Menurut bos IMF itu, pemerintah
di banyak negara harus memperhatikan kenaikan risiko utang. Cataan IMF, utang
global saat ini naik 225 persen dari gross
domestic product global yakni mencapai 164 triliun dollar AS. Ini adalah
rekor utang tertinggi sejak tahun 2016. Bahkan di negara-negara maju kenaikan
level utang tertinggi sejak perang dunia kedua, artinya mayoritas utang
dilakukan oleh negara-negara maju. Di negara-negara dengan pendapatan rendah
juga berhadapan dengan kenaikan utang.
Dengan tantangan berat yang harus
dihadapi itu, IMF mengeluarkan beberapa rekomendasi. Pertama, meningkatkan reformasi struktural. Saat ekonomi membaik,
segera perbaiki ekonomi, segera indentifikasi apa saja yang bisa mendorong
ekonomi dalam jangka menengah, mencegah pemburukan ekonomi. “Untuk
negara-negara maju bisa membantu negara-negara dengan pendapatan rendah menuju
pembangunan berkelanjutan di 2030,” ujar Lagarde.
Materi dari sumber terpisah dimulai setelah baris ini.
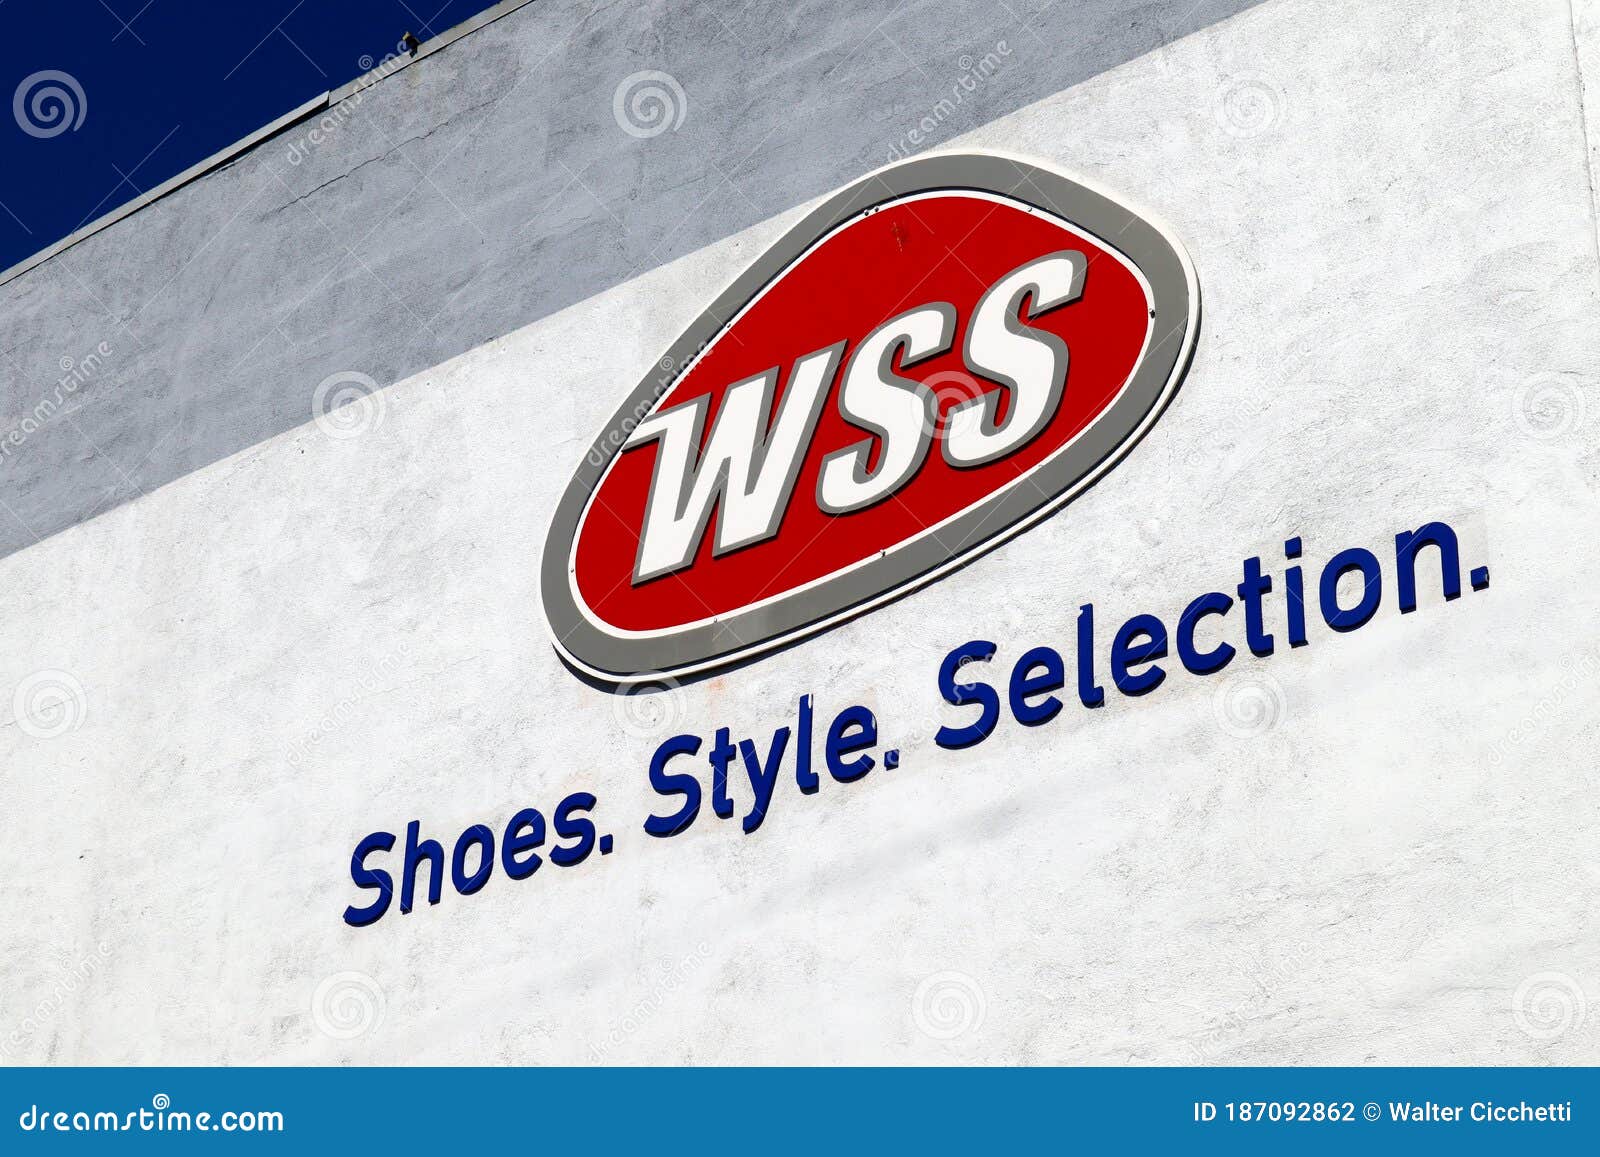 wss warehouse shoe sale

Kedua, persiapakan bantalan ekonomi. IMF menyarankan agar
pemerintah di banyak negara menyiapkan ruang untuk bisa tetap mendorong ekonomi
saat risiko keuangan naik. Rekomendasi IMF adalah dengan menurunkan defisit
anggaran secara gradual, termasuk fleksibilitas nilai tukar.
Ketiga, menjauhi semua proteksi perdagangan. “Saya percaya semua
negara bisa melakukan lebih untuk melindungi perdagangan di negaranya dari
pengaruh global yang muncul sebagai akibat perubahan teknologi dan perdagangan.
Hanya perlu diingat, tak ada manfaat dari perang dagang,” kata Lagarde.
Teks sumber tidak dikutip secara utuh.